Indiana

Education, From The Capitol To The Classroom

Remember The State Board Motion That Led To Superintendent Ritz’s Walkout? Attorney General Says It Was OK

State superintendent Glenda Ritz speaks to State Board of Education member Brad Oliver after returning from a recess during which her staff and representatives of the Center for Education and Career Innovation hashed out a motion for the panel to approve a conceptual framework for a new A-F grading system.

Kyle Stokes / StateImpact Indiana

State superintendent Glenda Ritz speaks to State Board of Education member Brad Oliver after returning from a recess during which her staff and representatives of the Center for Education and Career Innovation hashed out a motion for the panel to approve a conceptual framework for a new A-F grading system.

It’s the motion that shut down the Nov. 13 meeting of the State Board of Education.

When members of the panel attempted to pass it three weeks ago, state superintendent Glenda Ritz walked out of the meeting rather than allow the board’s attempt to force its passage.

The motion would have brought in the staff of Governor Mike Pence’s new education agency to review the Common Core State Standards.

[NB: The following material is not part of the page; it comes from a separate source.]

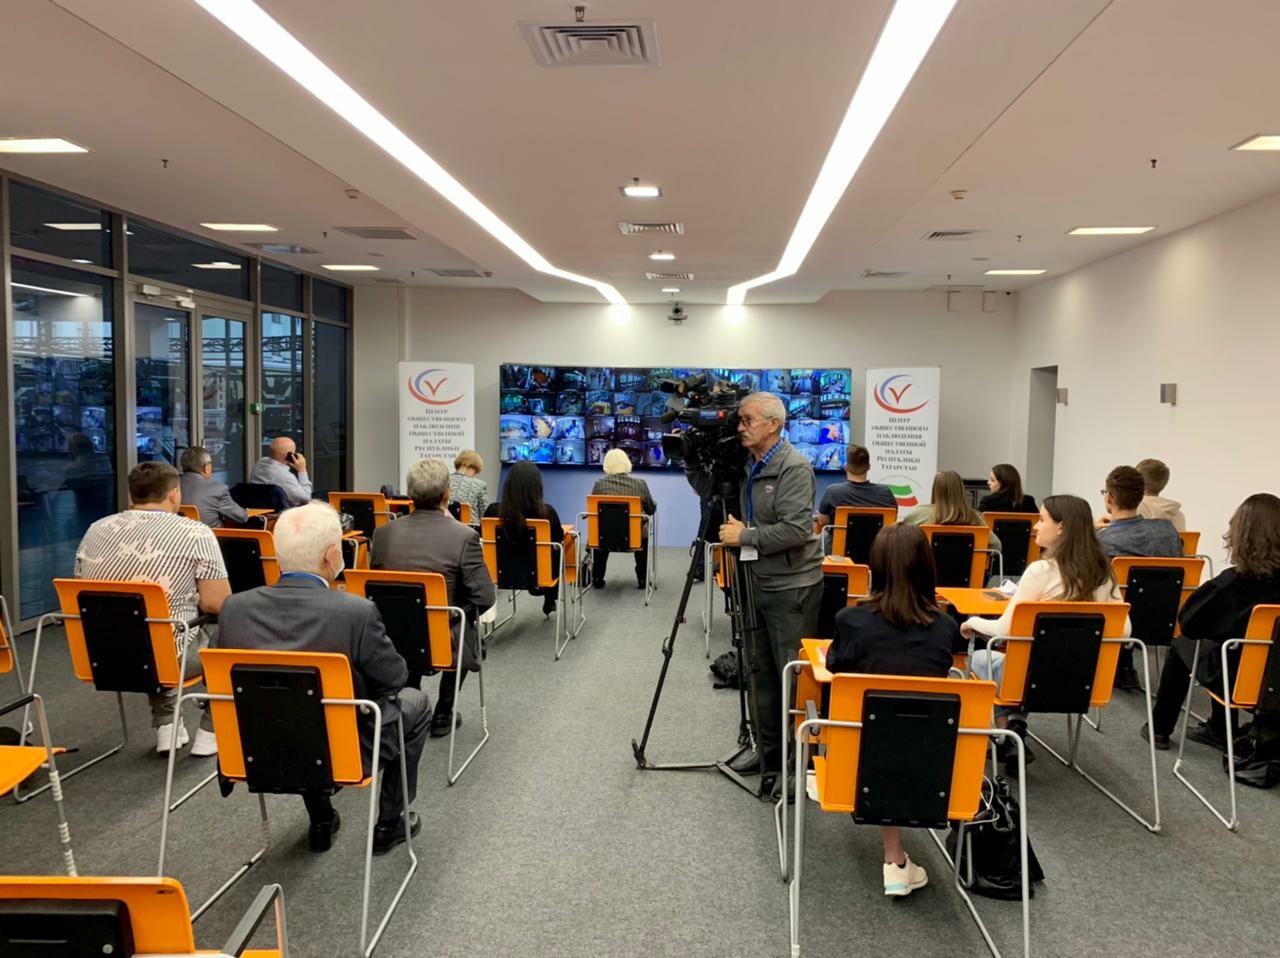 Камиль Садриев: Процесс голосования в Татарстане проходит максимально прозрачно

Ritz blocked it because she was sure was “improper” and would violate state law — not to mention undercut her Department of Education.

And that motion was proper after all, staff for Indiana’s Attorney General told Ritz and board members Thursday.

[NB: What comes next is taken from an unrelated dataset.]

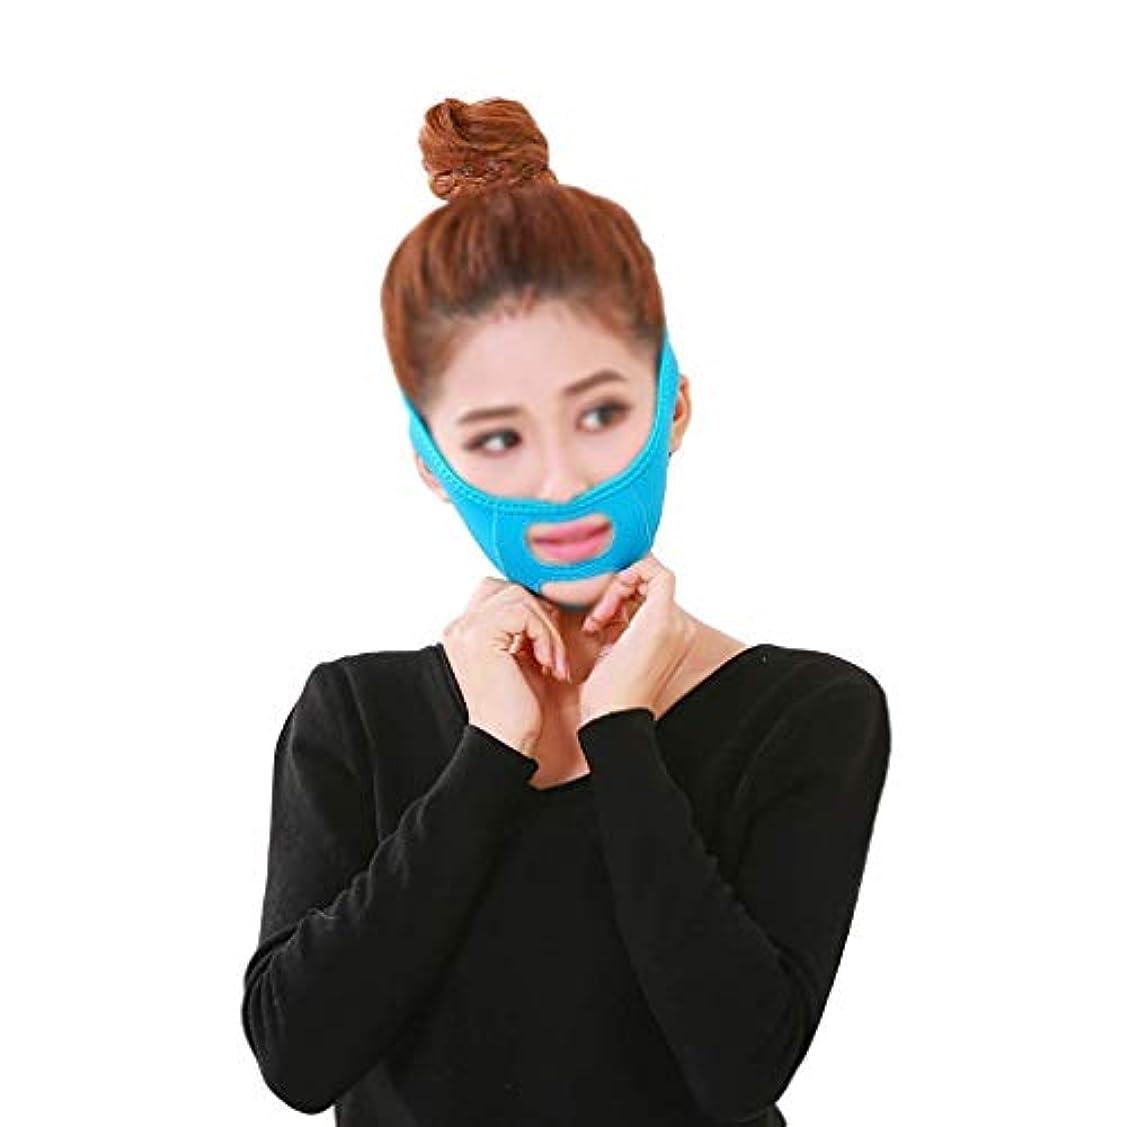 保証歩行者キャンバスフェイスリフトフェイシャル、肌のリラクゼーションを防ぐためのタイトなVフェイスマスクVフェイスアーティファクトフェイスリフトバンデージフェイスケア(色:青)

The decision may come three weeks after the fact, but it’s a victory for the member who made the motion, Brad Oliver, and remains relevant as a deadline for approving new standards draws closer.

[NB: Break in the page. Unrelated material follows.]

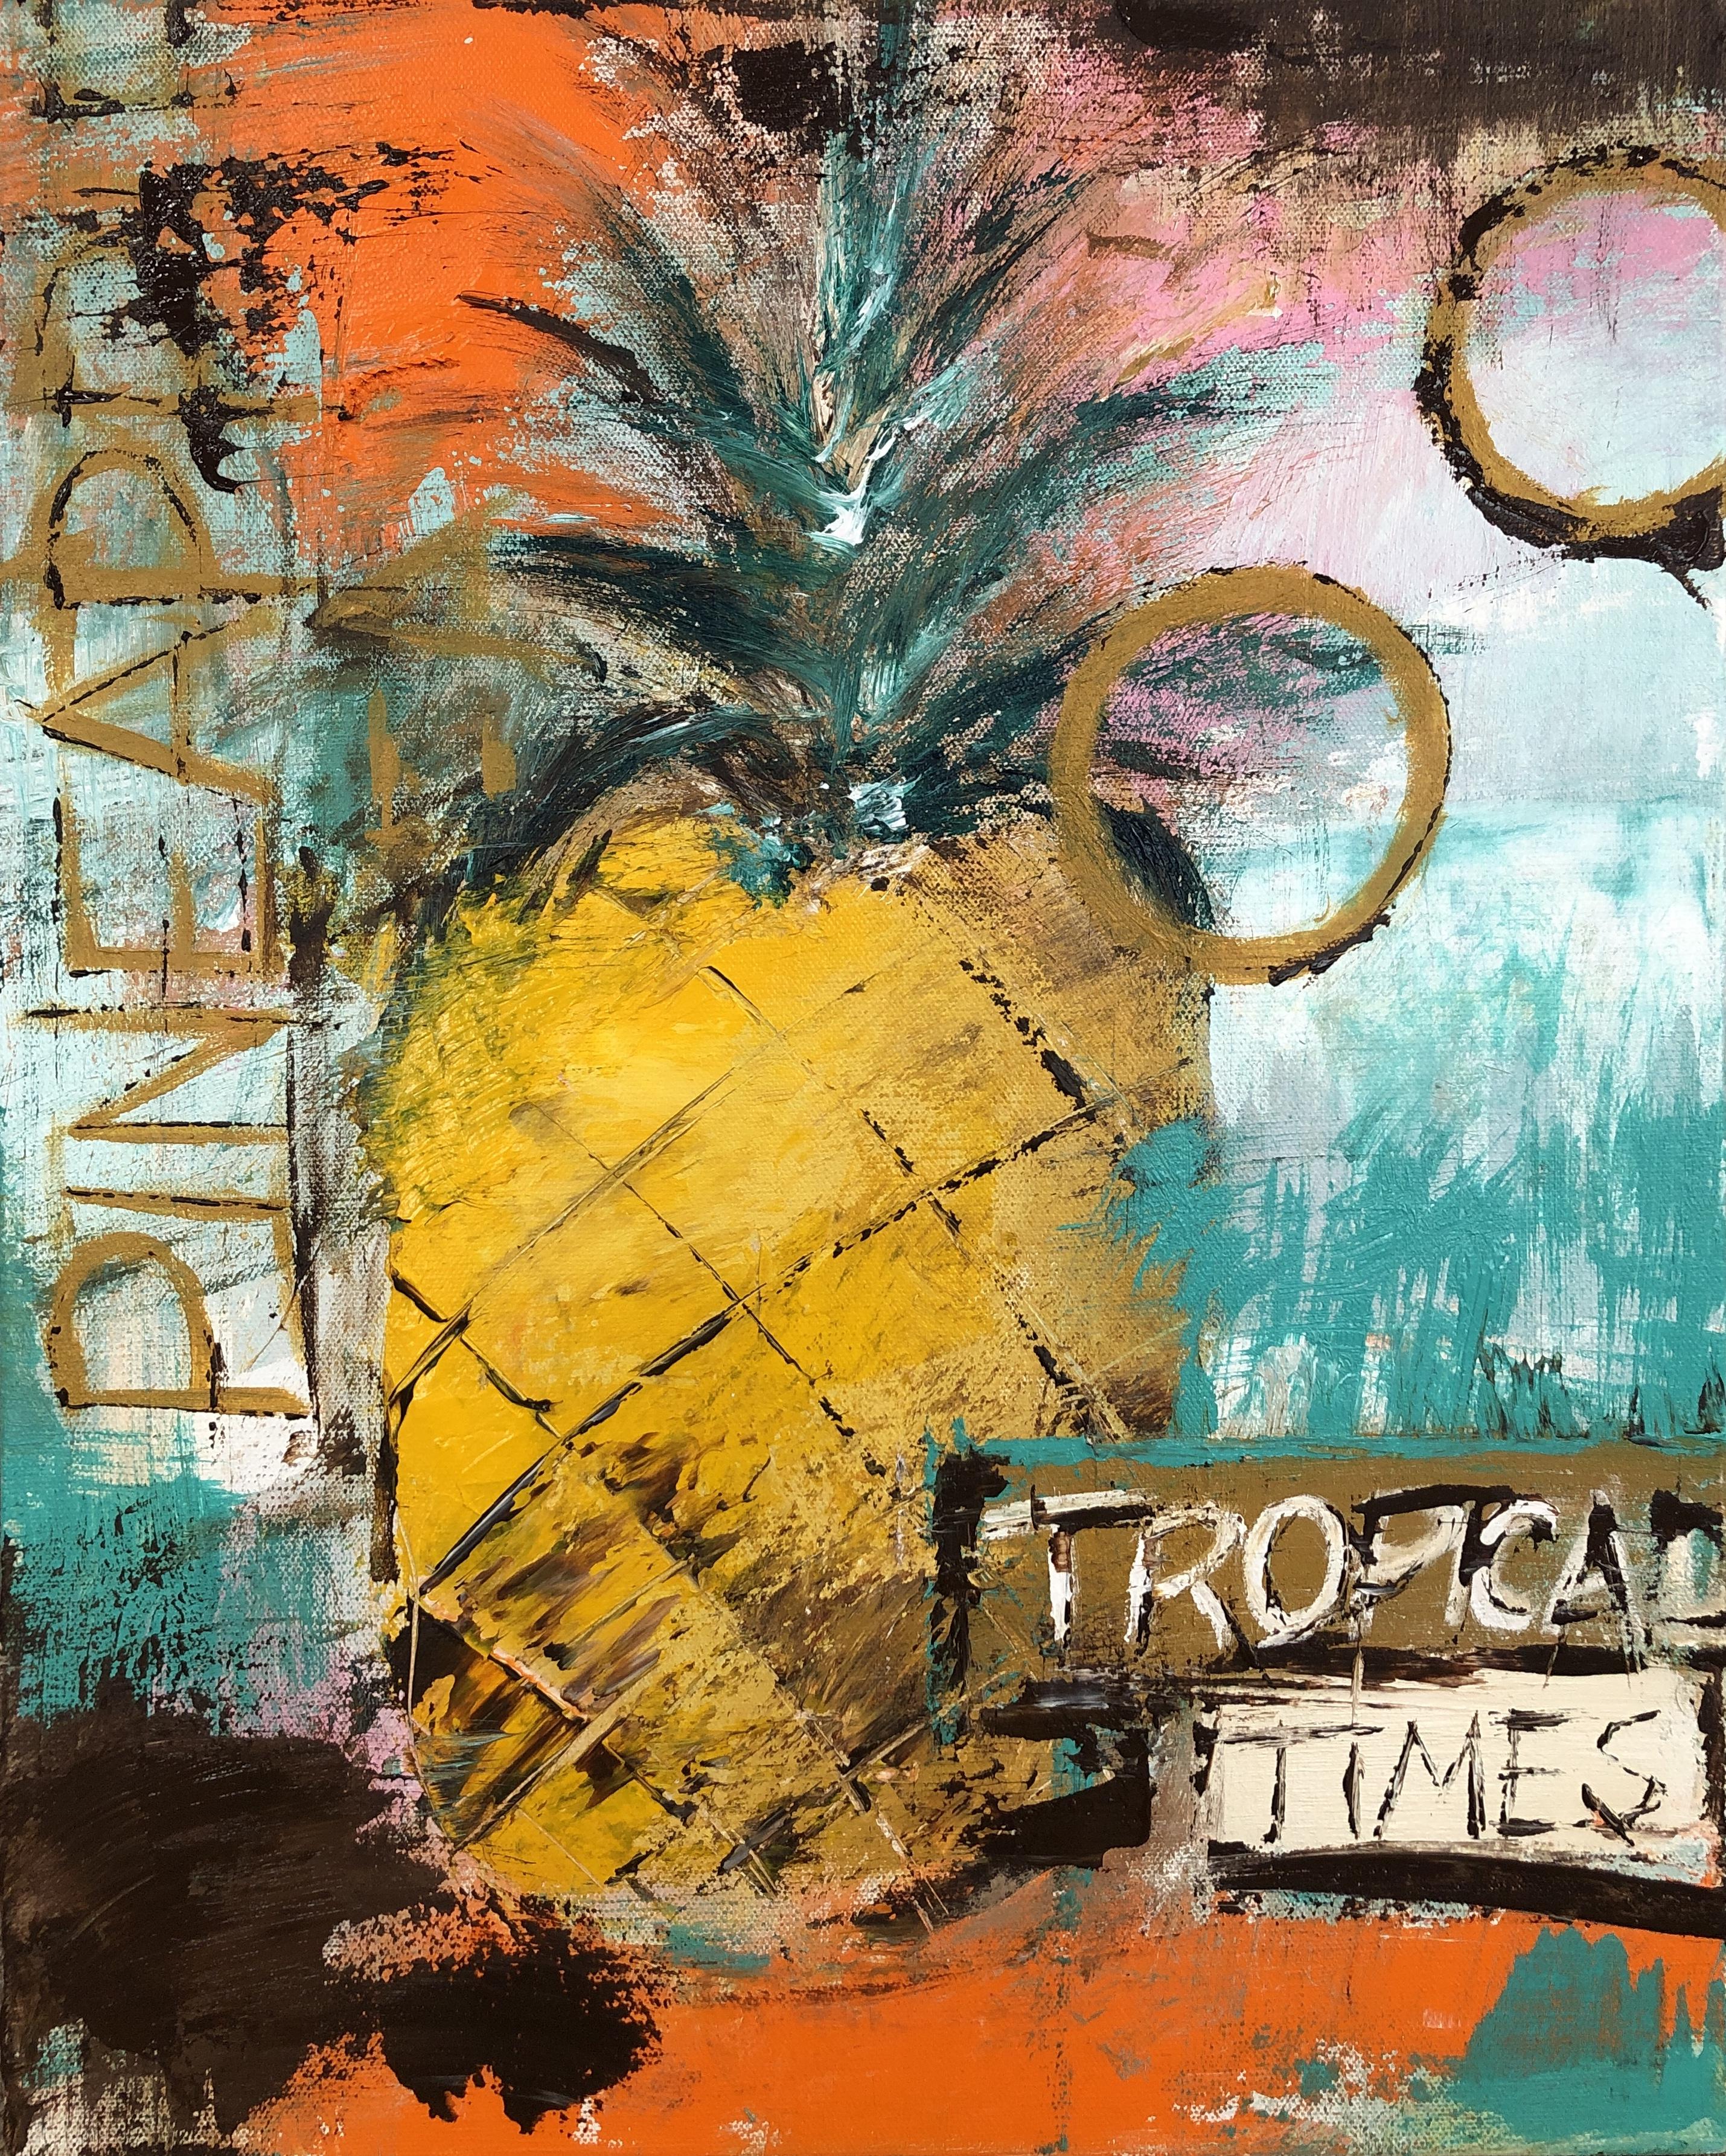 Tropical Times II

The State Board must approve a set of academic standards by July 1, 2014. With state political leaders growing increasingly chilly toward the Common Core standards, Oliver made the motion because he was worried the State Board was getting behind in its review.

Ritz told StateImpact this week she felt the board would have plenty of time to wrap up their standards review before the beginning of next school year and could vote on them in April.

But some board members’ doubts are creeping about whether that timeline is realistic. That’s why Oliver made the motion on Nov. 13.

“I am genuinely concerned about the board’s ability to meet its obligation,” Oliver said during the meeting. That’s when he offered the motion in question, which would’ve authorized the staff of the board — part of the newly-created Center for Education and Career Innovation — to seek the advice of experts in higher education as part of a review of the standards.

Ritz says that would encroach on duties state law required her Department of Education to perform. Here’s what she said at the meeting:

I don’t care if you organize your public hearings [as the Common Core review legislation requires]… You can go forth and you can do that, and honestly, you can do it anytime you want to. I don’t even need to be play a role in that… But regarding the process that is outlined in statute that the department does? We gather the input. From the K-12 and the postsecondary subject matter teachers. We are conducting the review process. There’s a reason for the check-and-balance that we have regarding standards — because there’s supposed to be a check and balance.

The Attorney General’s advisory opinion rejected that interpretation of the law, saying the State Board can reach out to teachers, subject matter experts and third-party advisors without infringing on each others’ statutorily-required duties.

“This conclusion does not comment on whether such an expenditure of resources is wise or the best approach given all of the relevant considerations and circumstances,” says Matt Light, a lawyer in the Attorney General’s office. But, he adds, “we do conclude… that the Board can choose to pursue this process if it deems it appropriate.

According to Light, the law Ritz cited refers to the process by which the Department reviews state standards on a regular basis. But the Common Core “pause” law the General Assembly passed last spring provided a special case. It’s a “one-time process,” Light writes, “by which the Board must conduct a comprehensive evaluation of the Common Core standards.”